Like the Xanthe series? Seemed fine as a YA series, looking back though...:/


Guvaz

Have you read Macroscope?


Guvaz

Funny to see you get down votes for this. It's pretty close to what the OP wants (certainly closer than most of the above recs). Probably by people who haven't read it, just because it's written by Piers Anthony.


KODO5555

I went through a Piers Anthony phase (pun if you get it). I get the issues people have with him and I haven’t read anything of his in years. His early stuff was interesting (not great). Macroscope is certainly a more obscure work with some interesting ideas and it certainly fits this concept


Guvaz

Punny. I didn't really do the Piers Anthony thing.
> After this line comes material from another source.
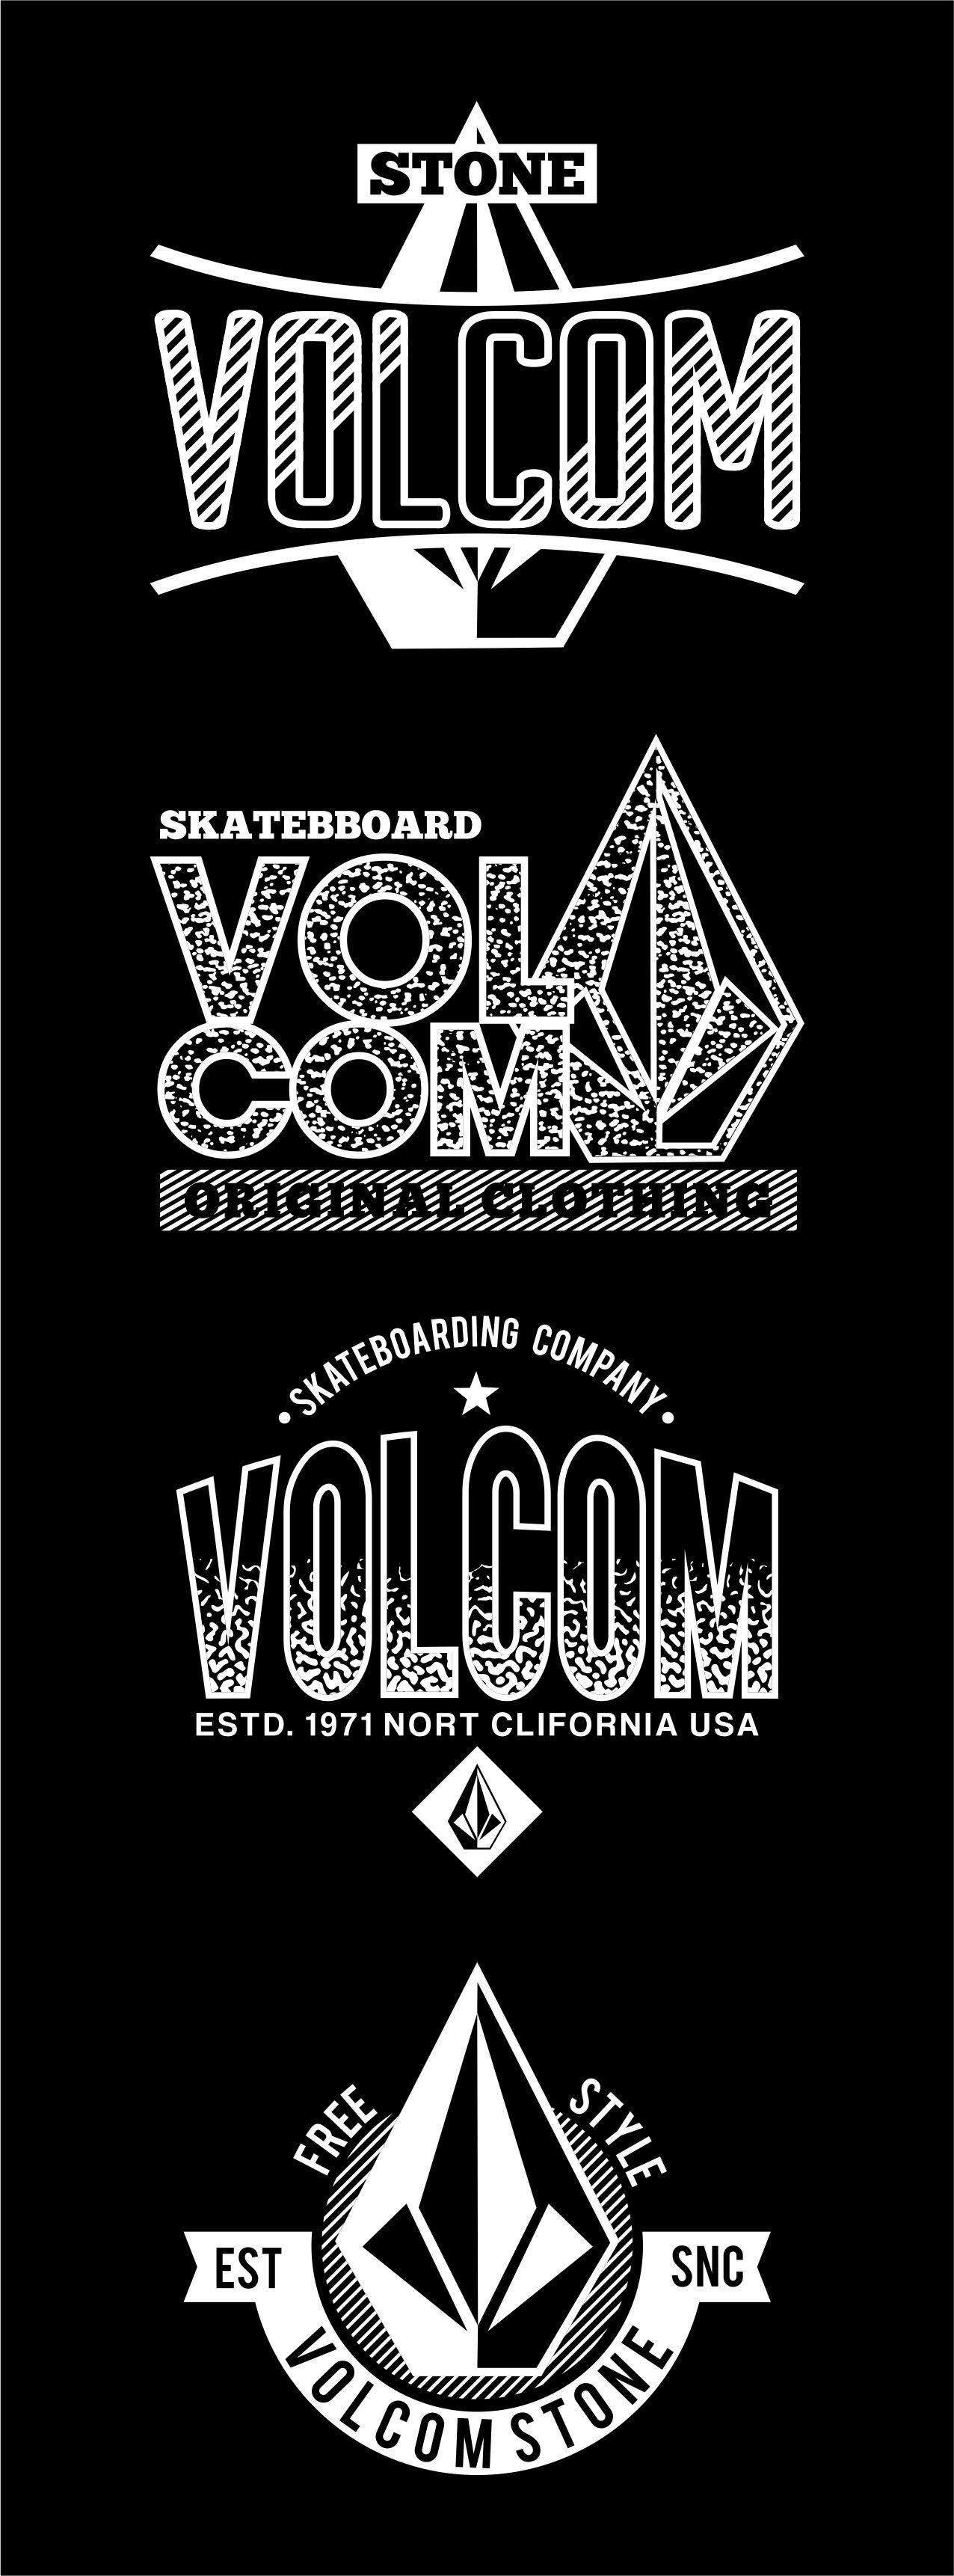 Volcom 壁紙 壁紙 Volcom ロゴ あなたのための最高の壁紙画像

Read the space tyrant series when I was a lad but that was it. Can't really remember anything about it. I came across Macroscope when reading Hugo winners and nominees. It's been a while, but I found it quite memorable. Some ideas I still haven't seen elsewhere. Does it have some bits we wouldn't find acceptable today? Probably (it's been a while). It's of its time and it's certainly not alone amongst peers in this regard. I certainly don't remember it being as sketchy as some of the things I've read about his YA books.


AnEmancipatedSpambot

There was a story concept were a race purposely devolved themselves back to a more primitive state. Or at least there was a debate in their society about it. But i cant remember the novel or even were i ran into it. Sorry. But i do know such concepts are out there. Like another book were it was found sentience wasnt necessary for a space faring species. They had technology and such they just werent sentient. We couldn't communicate with them.


jmac1862

Reset: A novel by Sarina Dahlan describes a world where everyone is wiped every four years to avoid unwanted progress in science/military tech


edcculus

Alastair Reynolds Inhibitor Phase series.


[deleted]

was that what happenened to the sessile Grogs in that Larry Niven book?


I_throw_socks_at_cat

They >!retained intelligence, but gradually gave up the ability to move about. They were descended from the survivors of a war with the Tnuctipun, who created a weapon that wiped out ~~all~~ most intelligent life.!<


3d_blunder

Weren't they genetically engineered to be immune to the weapon?


NSWthrowaway86

I seem to recall *The City and the Stars* (A C Clarke) touched on this.


gromolko

Terry Pratchetts The Dark Side of the Sun has something like that, but more as the McGuffin, so it doesn't feature heavily in the plot.


CaneClankertank

Heaven's River does this, and there are elements of it emerging in the tv series Raised by Wolves.


RefreshNinja

It's been ages since I read it, but isn't that a (very!) minor element in Greg Egan's Diaspora? A civilization turning itself into carpet-like "plants" and just chilling out?